● Your task
The whole listing below should be retyped exactly, without any images.

● Information shown
---
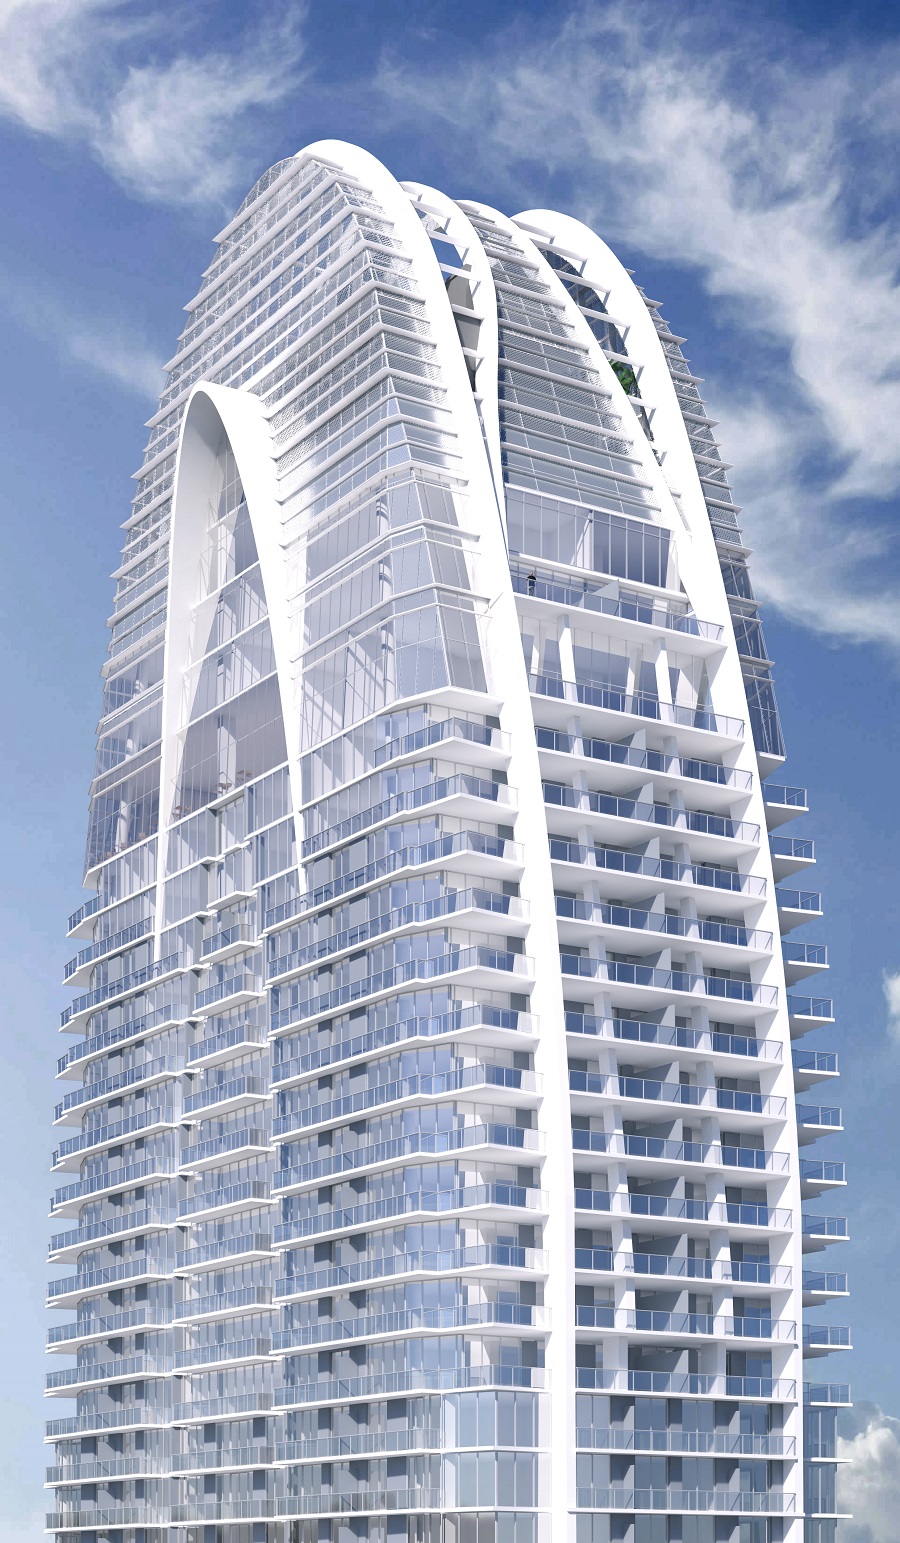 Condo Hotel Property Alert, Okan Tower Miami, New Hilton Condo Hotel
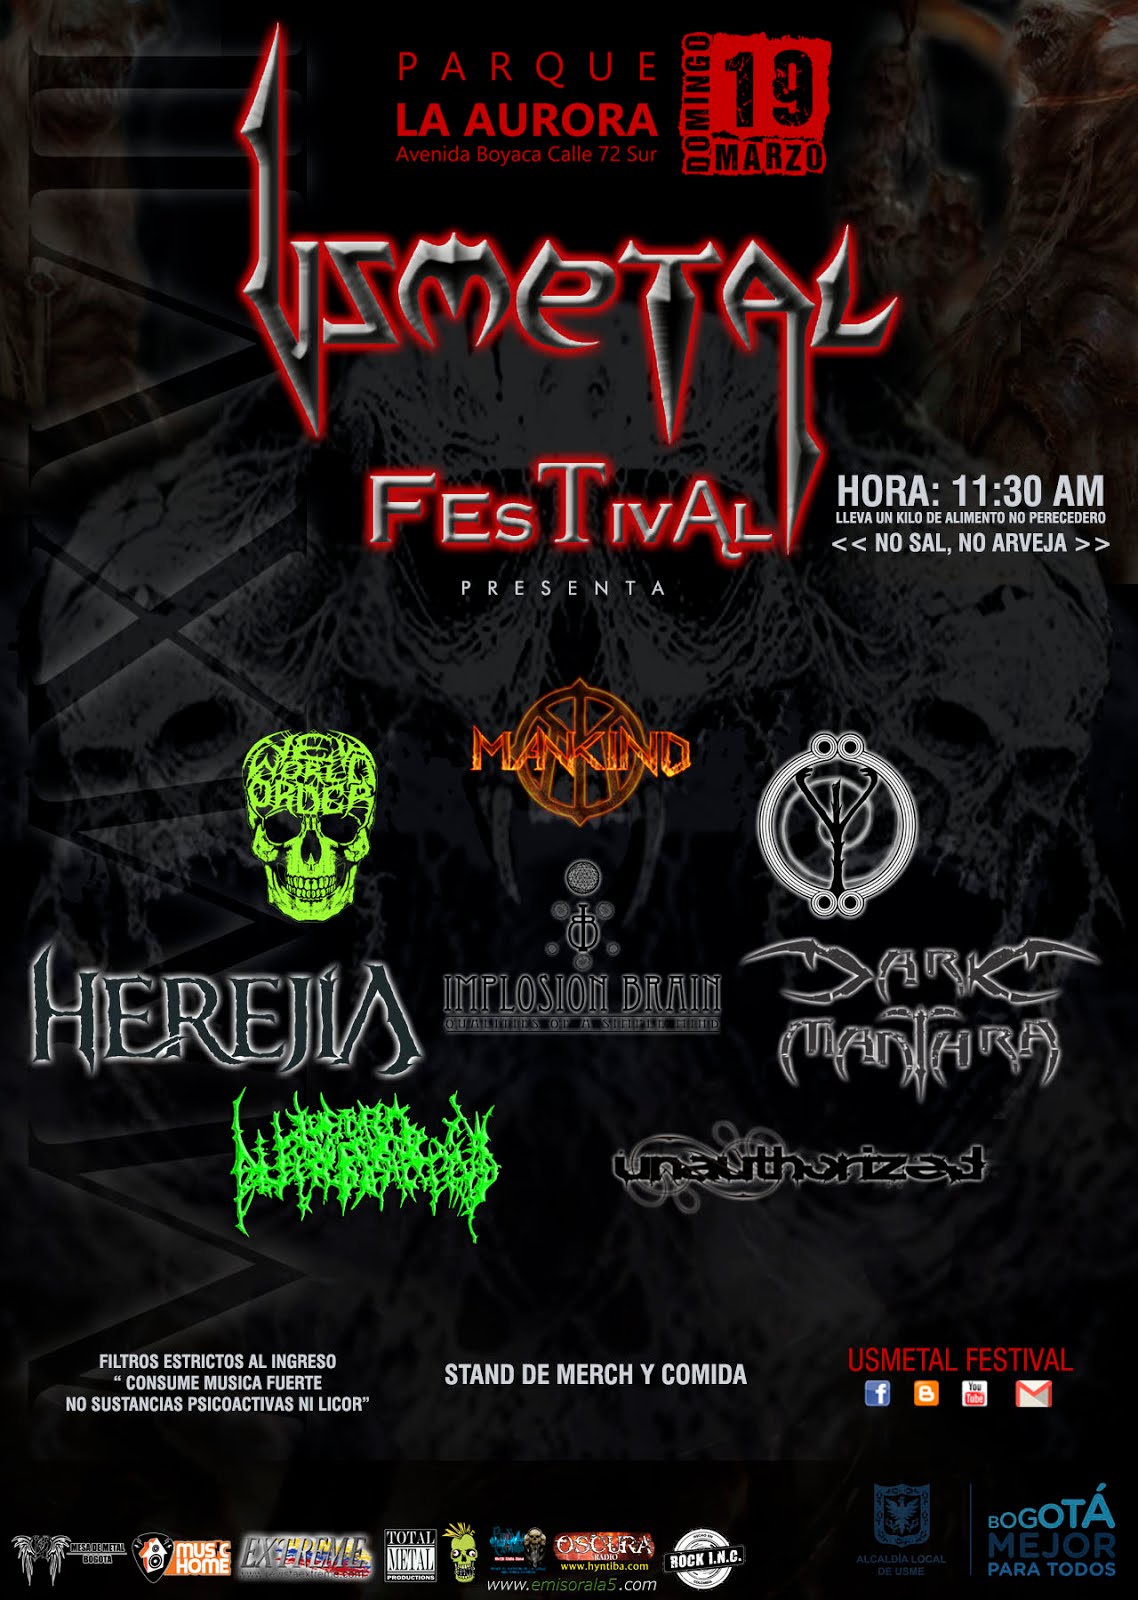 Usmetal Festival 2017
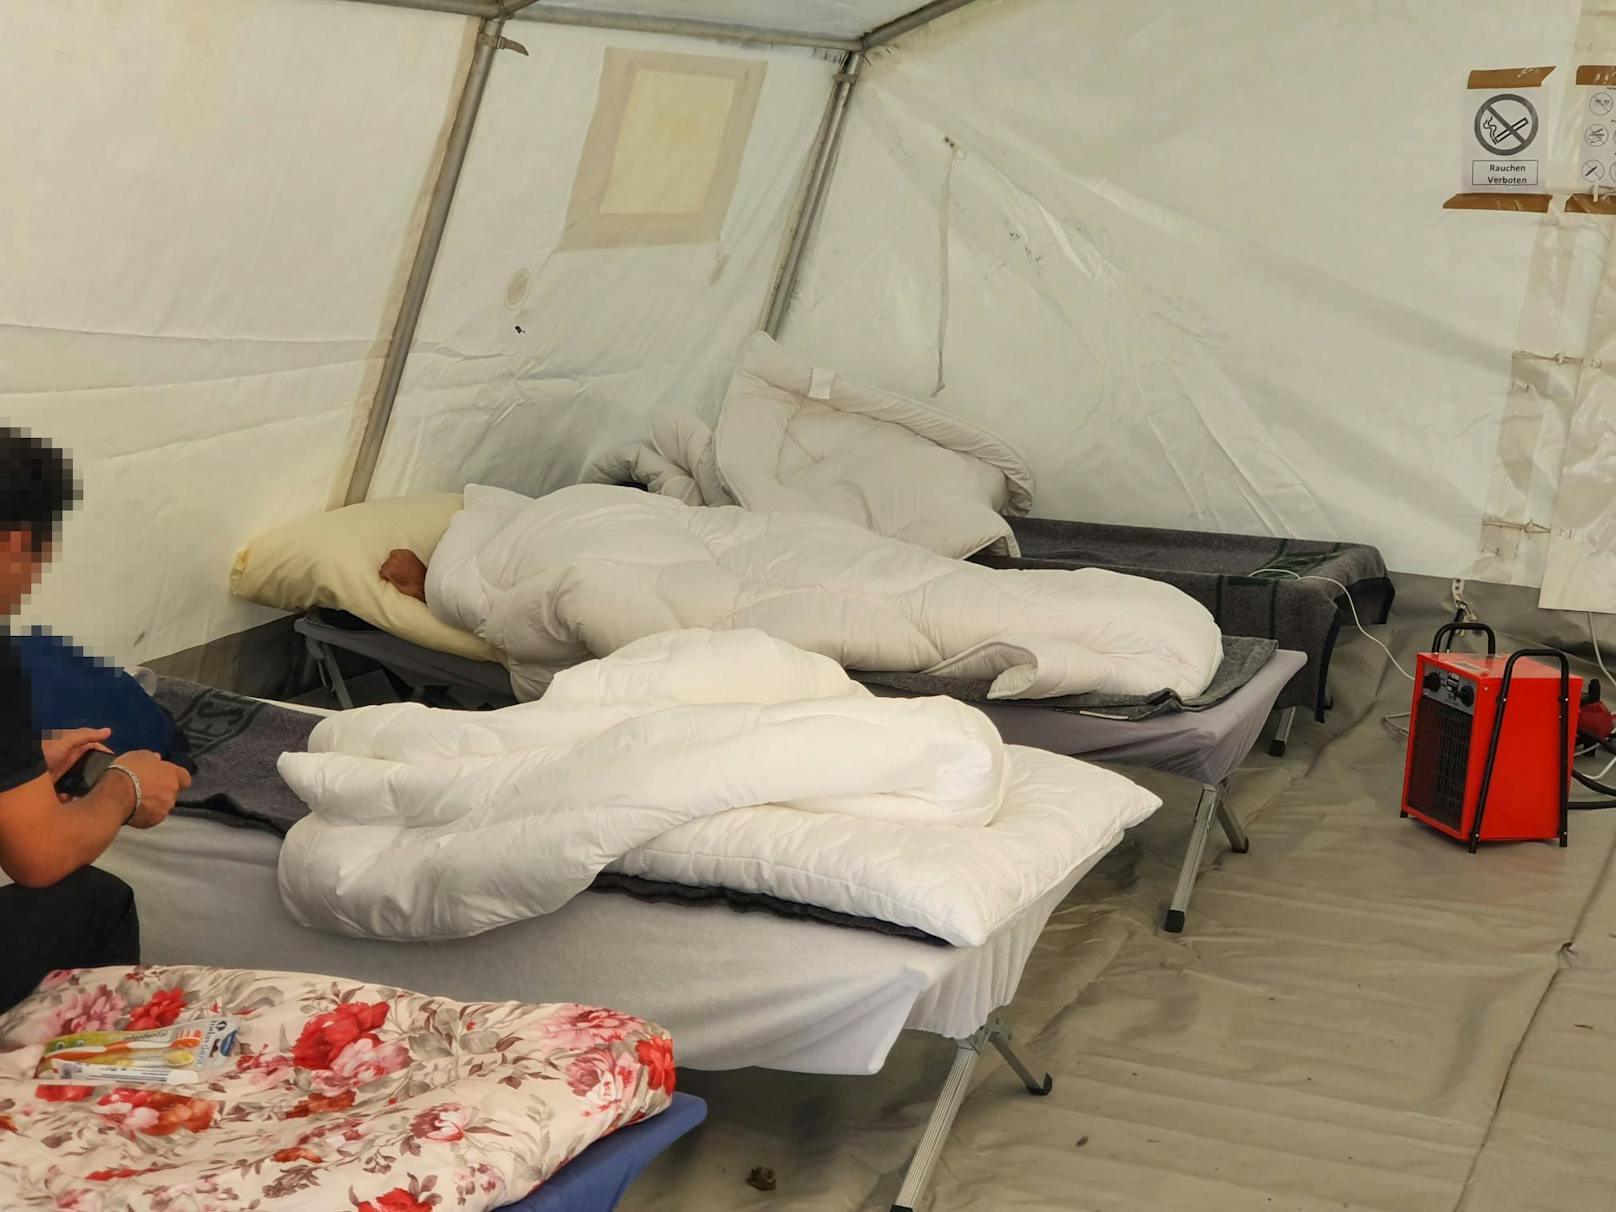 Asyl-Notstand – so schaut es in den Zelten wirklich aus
---
● Solution below
 Condo Hotel Property Alert, Okan Tower Miami, New Hilton Condo Hotel
 Usmetal Festival 2017
 Asyl-Notstand – so schaut es in den Zelten wirklich aus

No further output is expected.